» What is required:
Which lines come from the start of the listing through the line holding "Au-delà des considérations"? Restate exactly those, both included, minus the pictures.

» Collected material:

=== Begin Enclosure ===

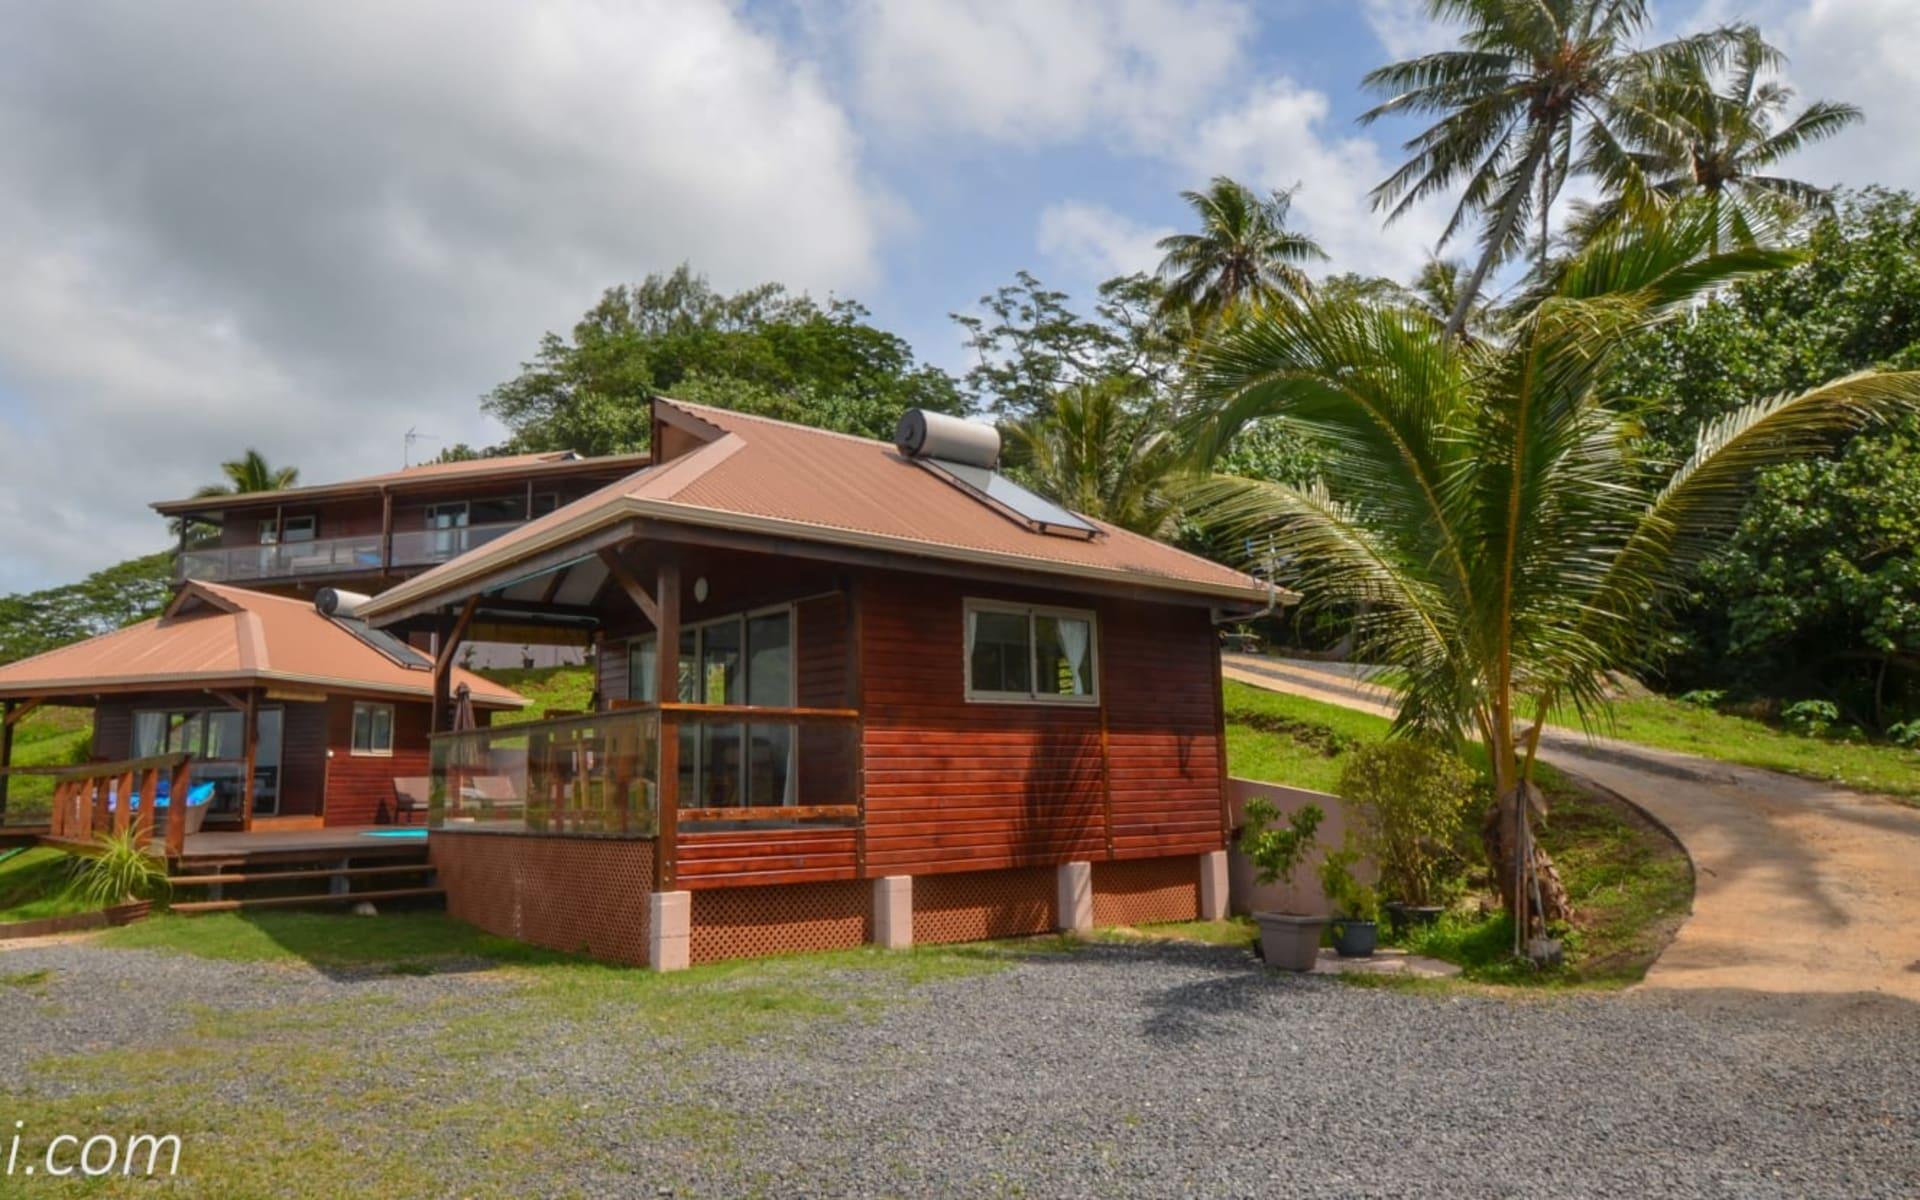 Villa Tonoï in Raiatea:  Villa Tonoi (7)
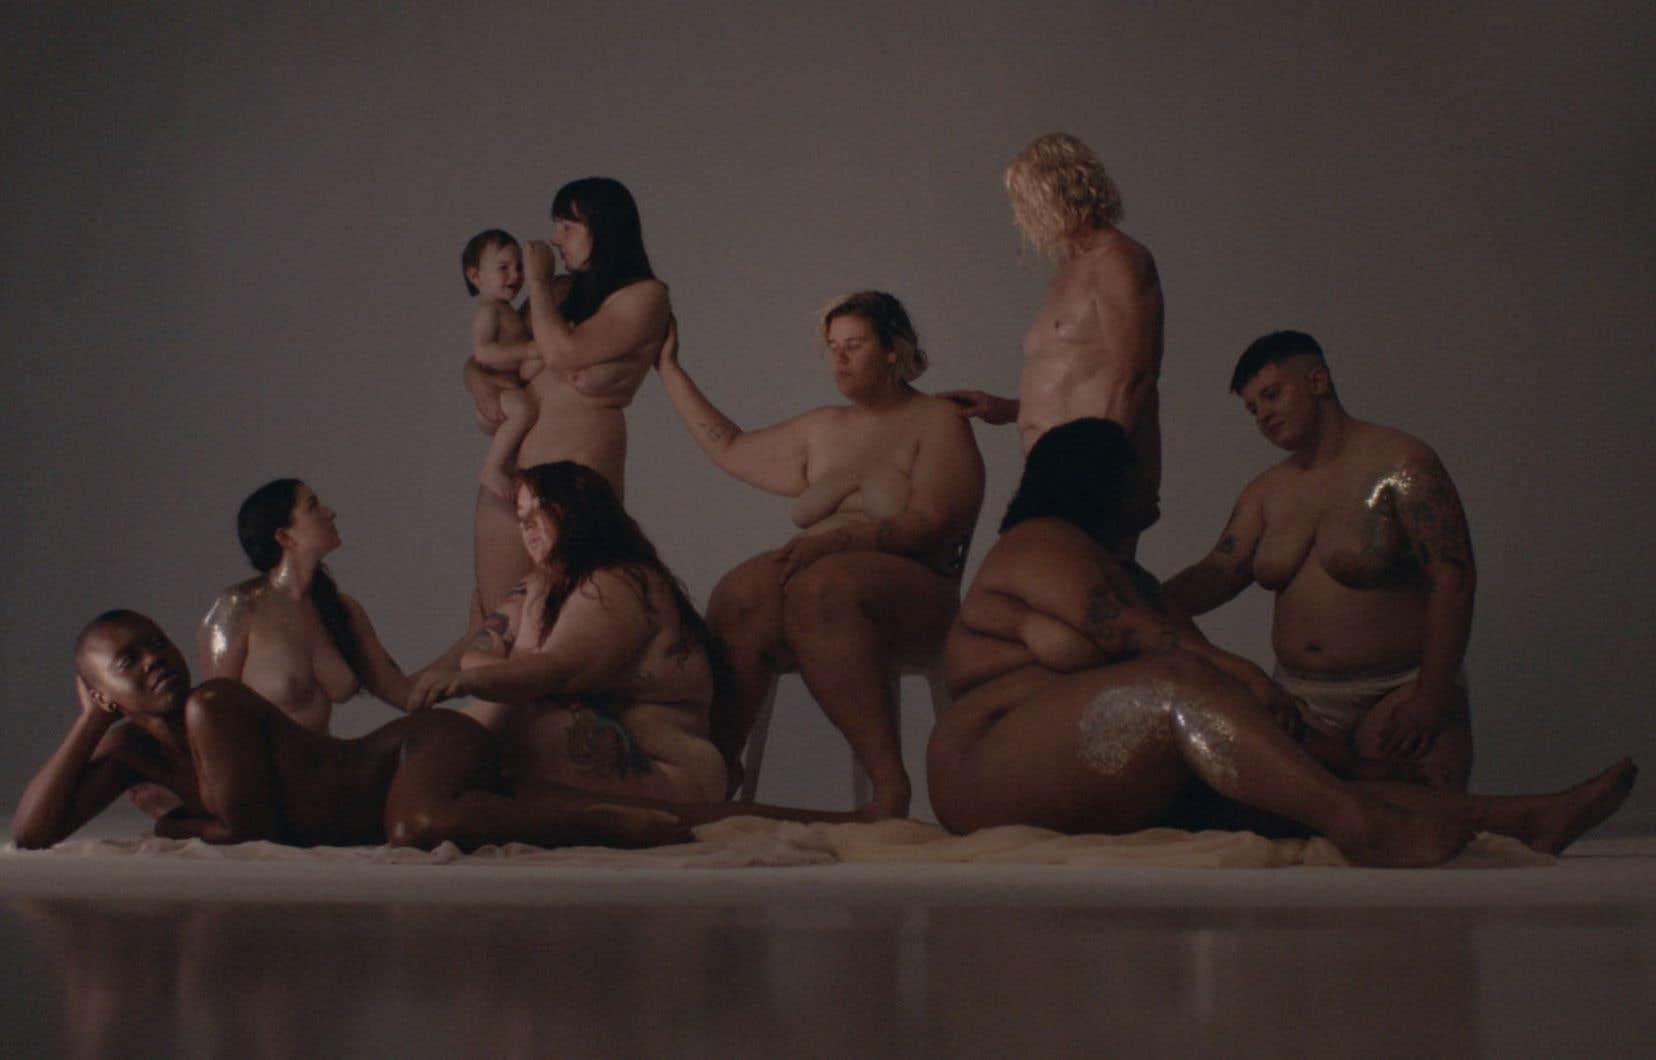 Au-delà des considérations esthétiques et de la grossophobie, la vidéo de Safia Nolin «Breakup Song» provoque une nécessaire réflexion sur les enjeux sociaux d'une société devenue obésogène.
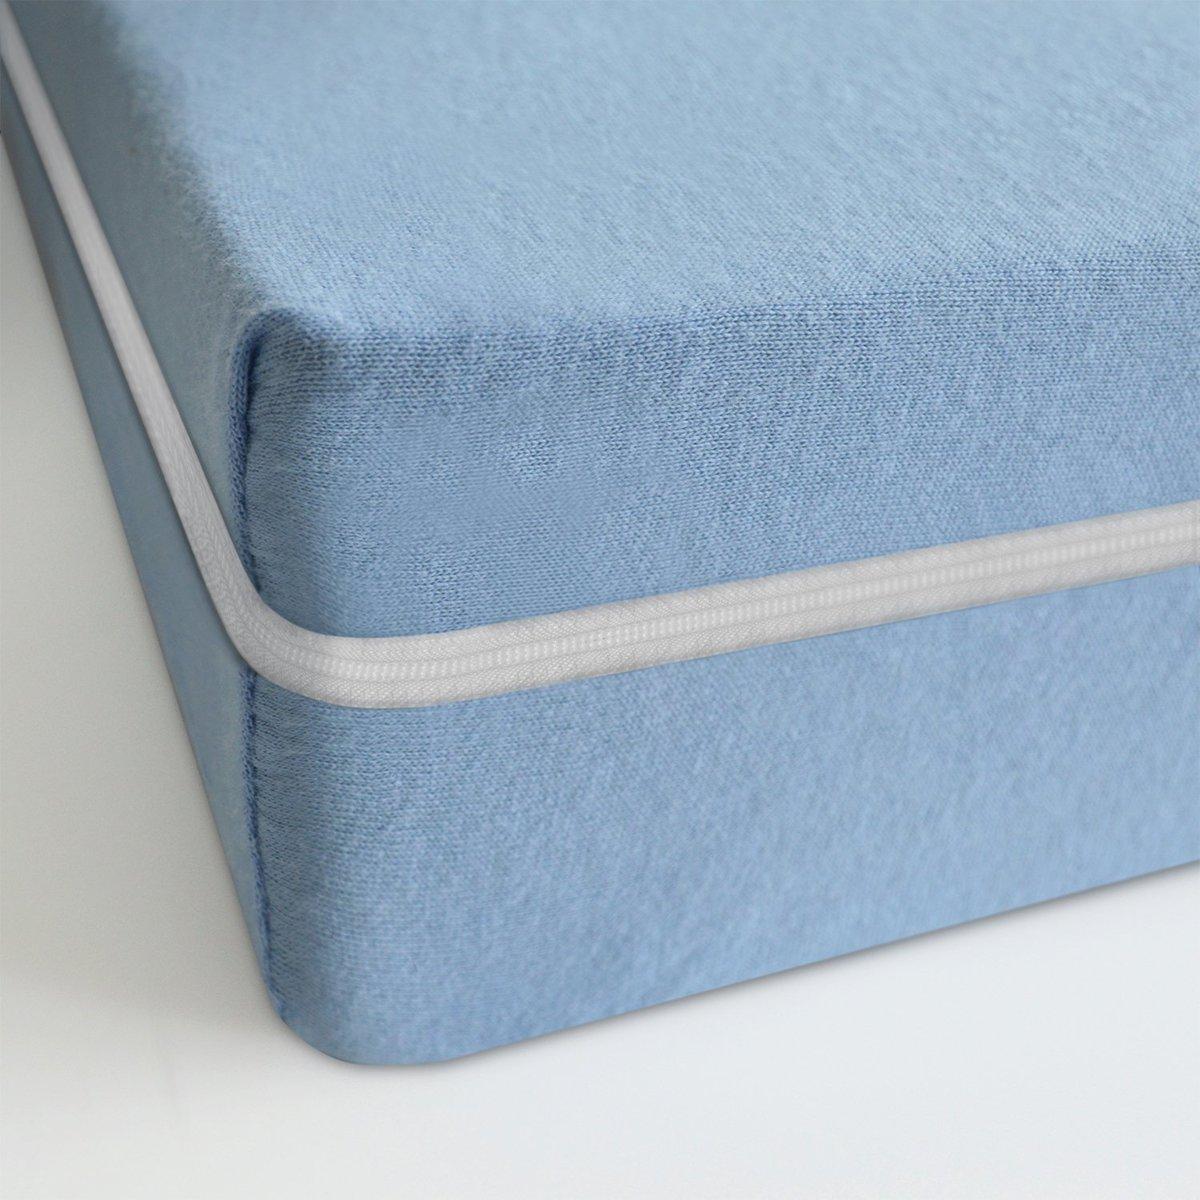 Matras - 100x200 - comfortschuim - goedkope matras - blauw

=== End Enclosure ===

» Problem solution:
 Villa Tonoï in Raiatea:  Villa Tonoi (7)
 Au-delà des considérations esthétiques et de la grossophobie, la vidéo de Safia Nolin «Breakup Song» provoque une nécessaire réflexion sur les enjeux sociaux d'une société devenue obésogène.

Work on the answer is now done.